Comment on the correlation between these variables.

* Create manually (without using seaborn) the profile histogram for the "distance" variable; choose an appropriate binning.
* Obtain 3 numpy arrays:
  * `x`, the array of bin centers of the profile histogram of the "distance" variable
  * `y`, the mean values of the "residuals", estimated in slices (bins) of "distance"
  * `err_y`, the standard deviation of the of the "residuals", estimated in slices (bins) of "distance"
* Plot the profile plot on top of the scatter plot

In [None]:
import pandas as pd   
import numpy as np
from scipy import stats
import matplotlib.pyplot as plt
import seaborn as sns
data=np.load("residuals_261.pkl",allow_pickle=True).item()
data=pd.DataFrame(data)

x = data.residuals
y = data.distances

data.drop( data[abs(data['residuals']) < 2 ].index , inplace=True)
data=data[abs(data['residuals'])>2] 

sns.jointplot(x="residuals", y="distances", data=data)
print(data)
print(data.info())



slope, intercept, r_value, p_value, stderr = stats.linregress(x, y)
print("slope =",slope," intercept =",intercept," r_value =",r_value," p_value =",p_value," stderr =",stderr)
sns.jointplot(data=data, x="residuals", y="distances", kind="reg")

dis_array=np.array(data.distances)
bins=[0,5,10,15,20]
dis_bin=np.histogram(dis_array,bins = bins ) 
print(dis_bin)
binned_data=pd.cut(dis_array,bins)
print(binned_data)

mean_std=data.groupby(pd.cut(data['distances'], bins=bins))['residuals'].agg(['mean','std'])
print(mean_std)



fig = plt.figure(figsize=(10, 6))
ax = fig.add_axes([0.1, 0.1, 0.65, 0.65])
ax_histx = fig.add_axes([0.1, 0.8, 0.65, 0.2], sharex=ax)
ax_histx.set_title('Histogram')
ax.scatter(data['distances'],data['residuals'])
h,bins,_ = ax_histx.hist(data['distances'],bins = 25)
x = 0.5*(bins[1:]+bins[:-1])
y = np.zeros(len(bins))
err_y = np.zeros(len(bins))
for i in range(0,len(x)-1):
    mask_i = (data['distances']>x[i]) & (data['distances']<x[i+1])
    y[i] = np.mean(data[mask_i].residuals)
    err_y[i] = np.std(data[mask_i].residuals)
plt.show()
print("x: ",x)
print("y: ",y)
print("err_y:", err_y)

4\. **Kernel Density Estimate**

Produce a KDE for a given distribution (by hand, not using seaborn):

* Fill a numpy array `x` of length N (with $N=\mathcal{O}(100)$) with a variable normally distributed, with a given mean and standard deviation
* Fill an histogram in pyplot taking proper care of the aesthetic:
   * use a meaningful number of bins
   * set a proper y axis label
   * set proper value of y axis major ticks labels (e.g. you want to display only integer labels)
   * display the histograms as data points with errors (the error being the poisson uncertainty)
* For every element of `x`, create a gaussian with the mean corresponding to the element value and the standard deviation as a parameter that can be tuned.

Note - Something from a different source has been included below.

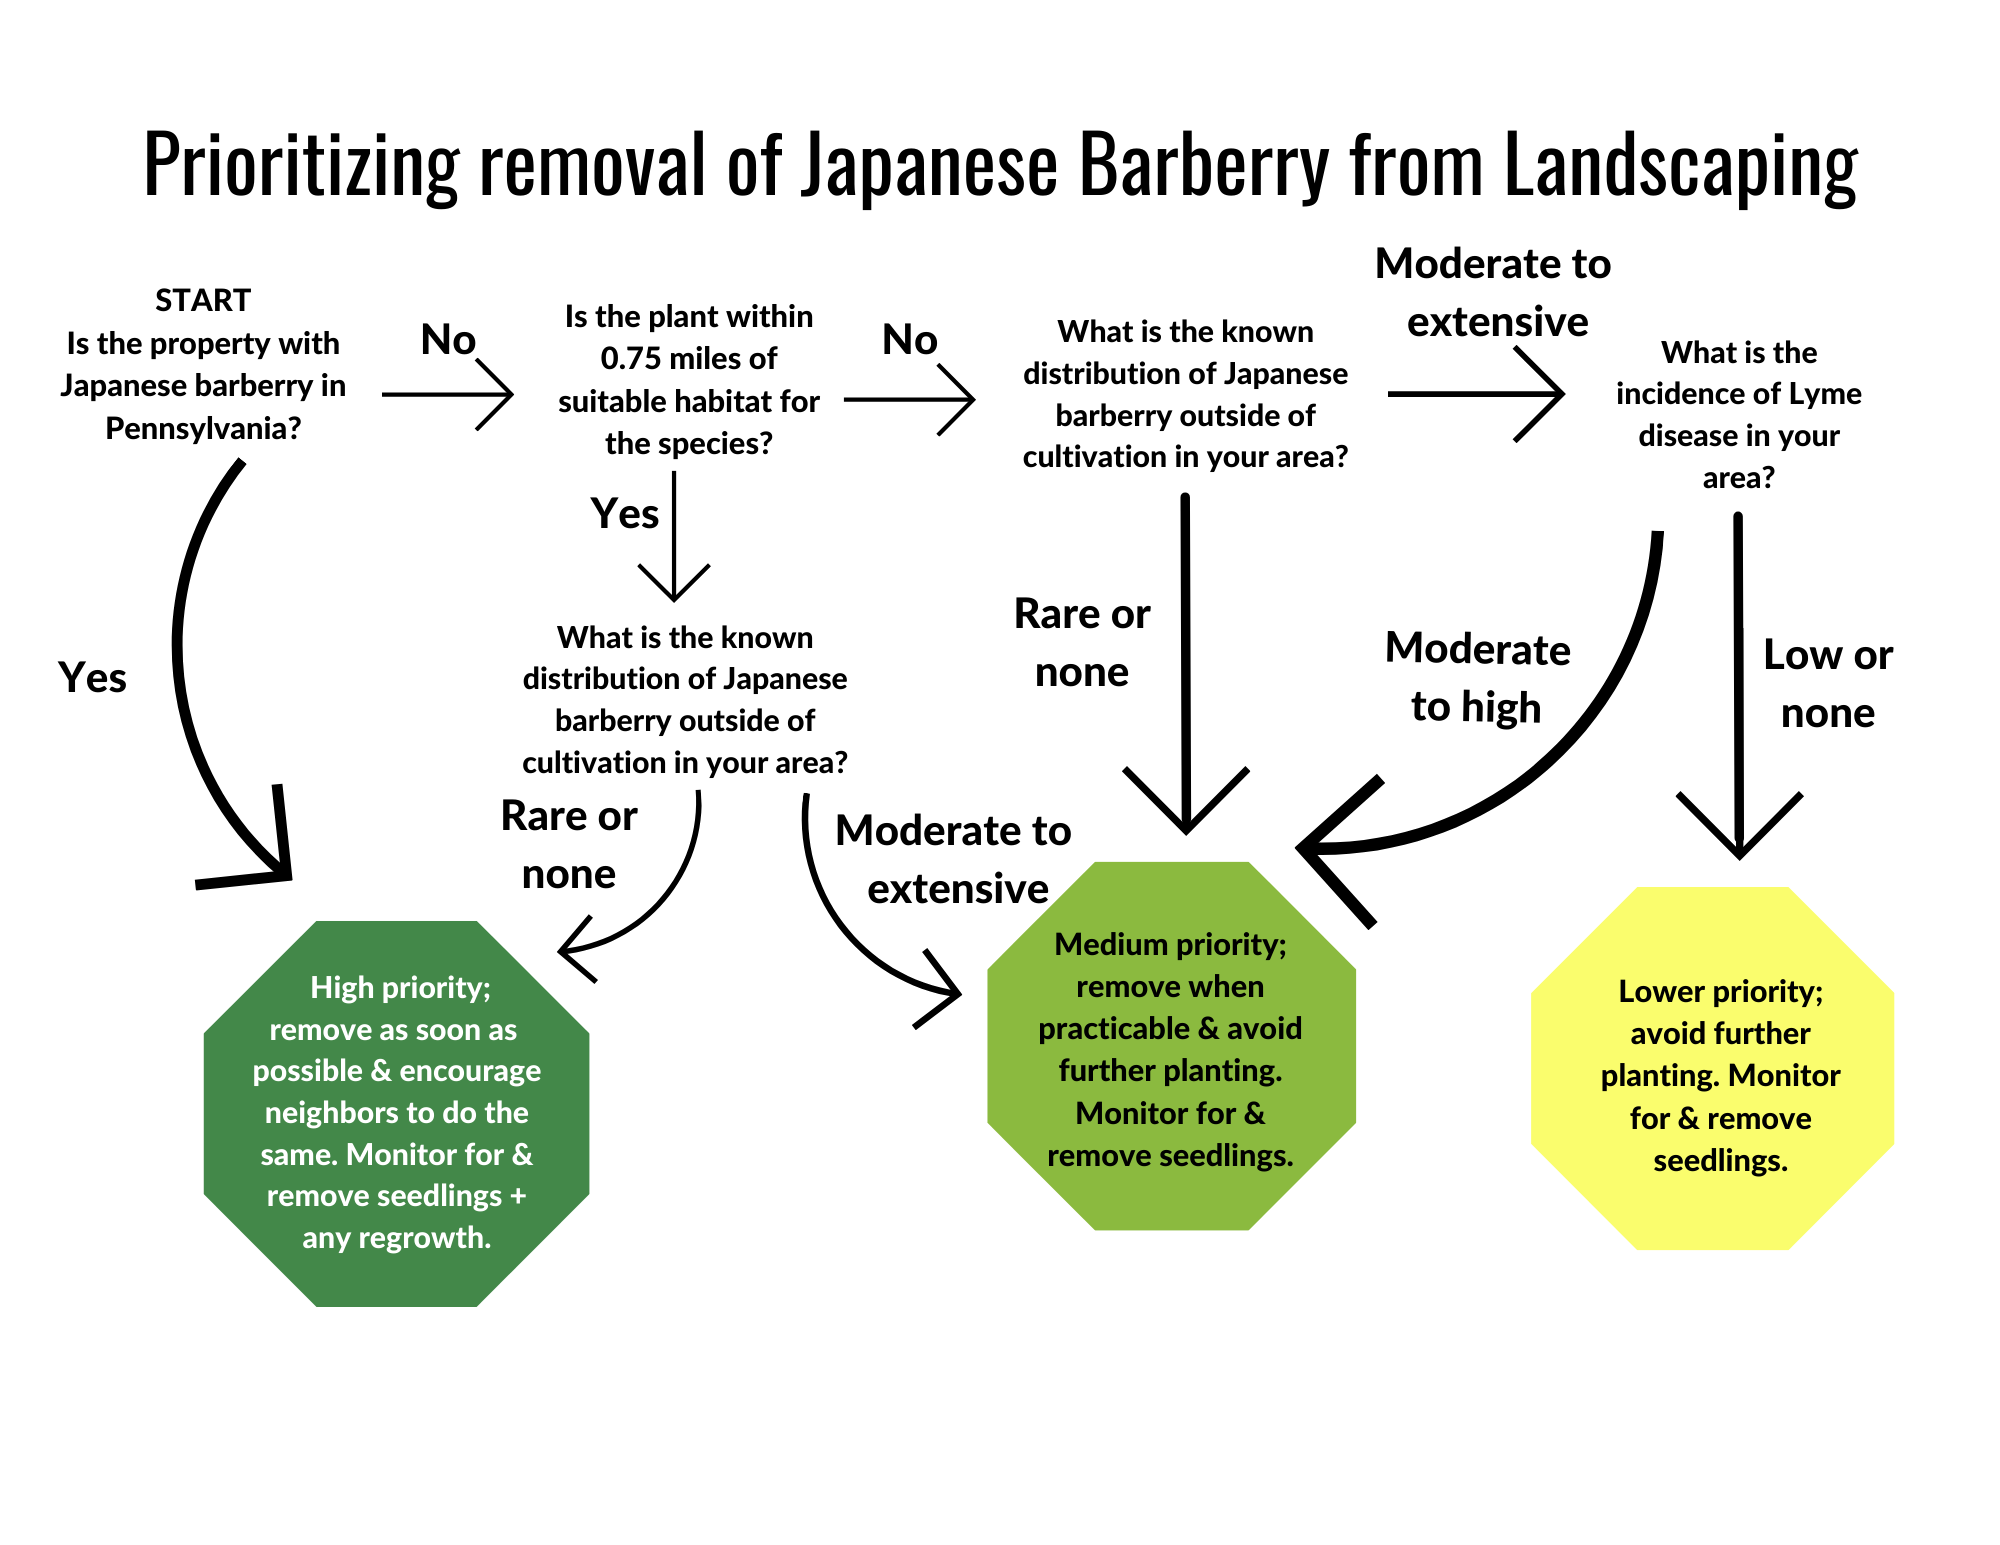 removal decision tree for Japanese barberry

The standard deviation default value should be:
$$ 1.06 * x.std() * x.size ^{-\frac{1}{5}} $$
you can use the scipy function `stats.norm()` for that.
* In a separate plot (to be placed beside the original histogram), plot all the gaussian functions so obtained
* Sum (with `np.sum()`) all the gaussian functions and normalize the result such that the integral matches the integral of the original histogram. For that you could use the `scipy.integrate.trapz()` method. Superimpose the normalized sum of all gaussians to the first histogram.